Pero la desaparición no solo se funda en esta disolución en los datos, sino también en una infantilización que se agudiza cuando la paciente es mujer y enferma: “Las enfermeras son en su mayoría genios, pero resulta peligroso obedecer a los médicos, algunos de los cuales no parecen saber lo que están haciendo. Se encariñan contigo y creen que saben mejor que tú lo que te conviene. A veces se comportan de una forma mezquina y vengativa cuando les haces una pregunta que les descoloca. Si alguna vez fuiste una adolescente rebelde, podrías confundirlos fácilmente con tu padre.”
La autora denuncia un sistema paternalista que silencia a la paciente y le niega la posibilidad de decidir sobre su propia vida. Boyer rompe una lanza a favor de quienes tienen el valor de hacer la elección más difícil y polémica: la muerte. Renunciar al tratamiento y dejar que la enfermedad siga su curso es juzgado socialmente como un acto de cobardía y a quien se atreve a tomar ese camino se le condena poco menos que al ostracismo: “Hay quienes por miedo, costumbre, desinformación o presión social se someten a quimioterapia incluso en circunstancias en las que no tiene ninguna utilidad médica particular ni ciencia que la respalde. Es como si el mundo estuviera cautivado por los ritos impíos de la sala de infusión y por los melodramas de la pérdida de pelo, las extremidades atrofiadas, las mujeres consumidas.
El hechizo cultural de la quimioterapia es tan extenso que ciertas personas sin cáncer a veces ven a los pacientes que deciden renunciar a ella como una excusa para abandonarlos. «Perdí un montón de amigos», dijo Acker, que «no podían soportar verlo».”

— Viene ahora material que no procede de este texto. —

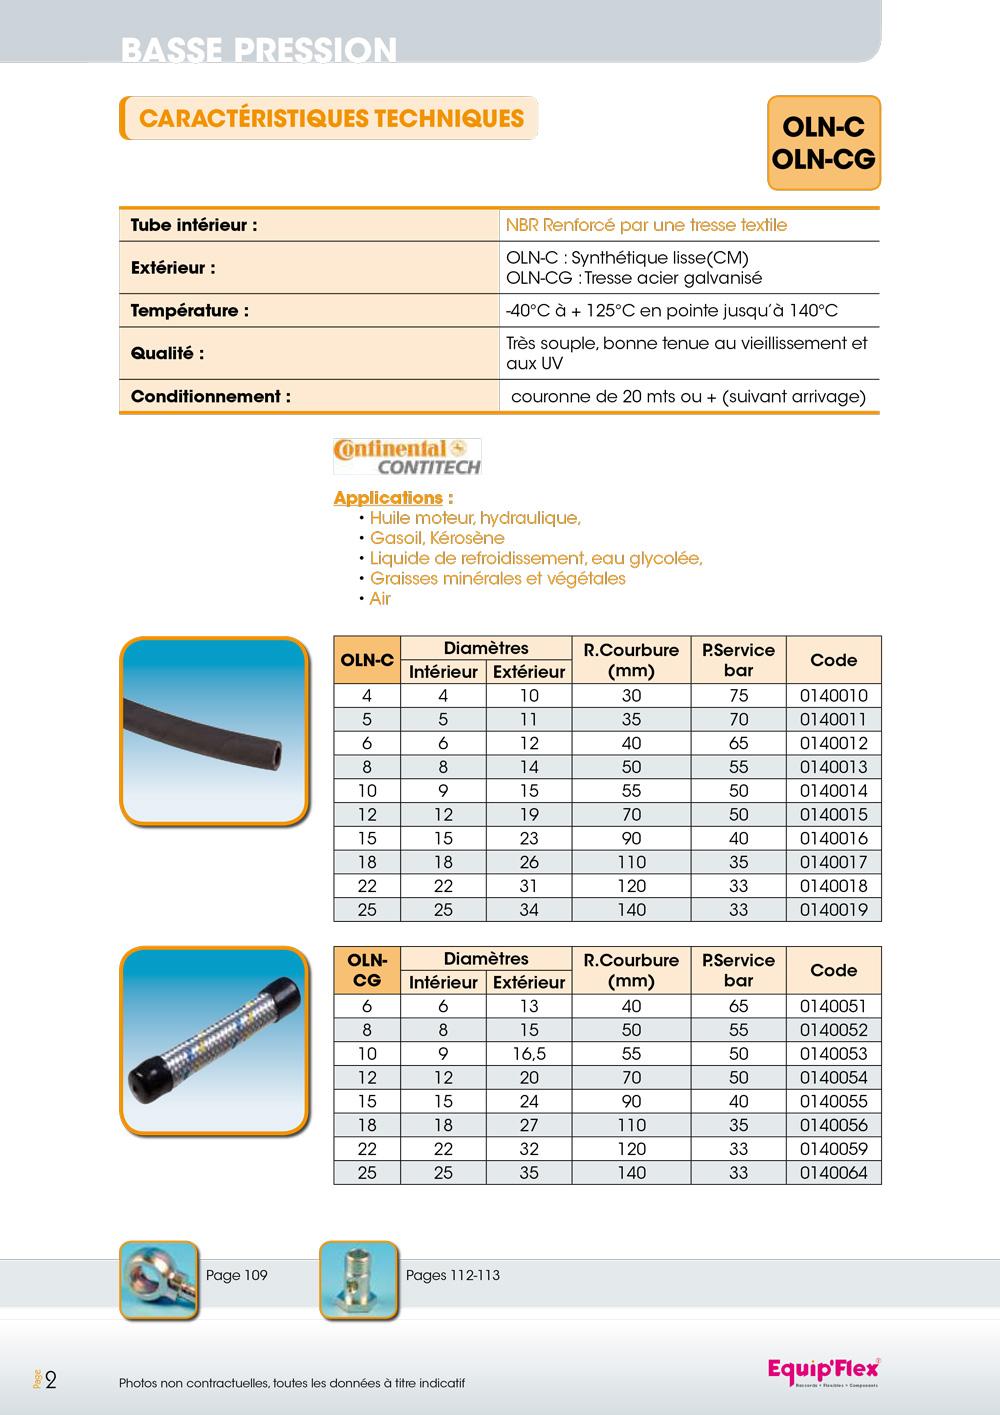 OLN - OLN tressé Applications : - Huile moteur hydraulique - Gasoil, Kérosène - Liquide de refroidissement, eau glycolée - Graisses minérales et végétales - Air

Aquí estamos, aquí estoy, sola, yo misma, la mitad de mi caída, la mitad de nosotras desaparecida, y todas nosotras como fantasmas o las que no mueren o las que desmueren, la mitad de nosotras muertas y la mitad de mi misma olvidada o perdida.
En la obra se pone de manifiesto la clara disociación que surge dentro de la persona enferma y a varios niveles, tanto identitaria como puramente corporal: el extrañamiento ante algo que crece en una misma y que “es y no es una misma”. Y por supuesto, no podemos olvidar la mayor de las disonancias, la que se presenta entre una mente despierta y viva (aunque a veces sedada y atormentada por los medicamentos y el dolor) y un cuerpo que se siente muerto. La sensación es terrorífica y la autora la describe de modo magistral invocando con ello también la fuerza del “nosotras”, de la sororidad y de las pérdidas compartidas: “Soy un fantasma, pero la pérdida de mí misma ni siquiera es metafísica, es mecánica. Aun así, la explicación racional de por qué me siento muerta la mitad del tiempo no sirve de gran cosa
para mitigar el terror irracional de existir sintiéndome como si no existiera. Aquí estamos, aquí estoy, sola, yo misma, la mitad de mi caída, la mitad de nosotras desaparecida, y todas nosotras como fantasmas o las que no mueren o las que desmueren, la mitad de nosotras muertas y la mitad de mi misma olvidada o perdida».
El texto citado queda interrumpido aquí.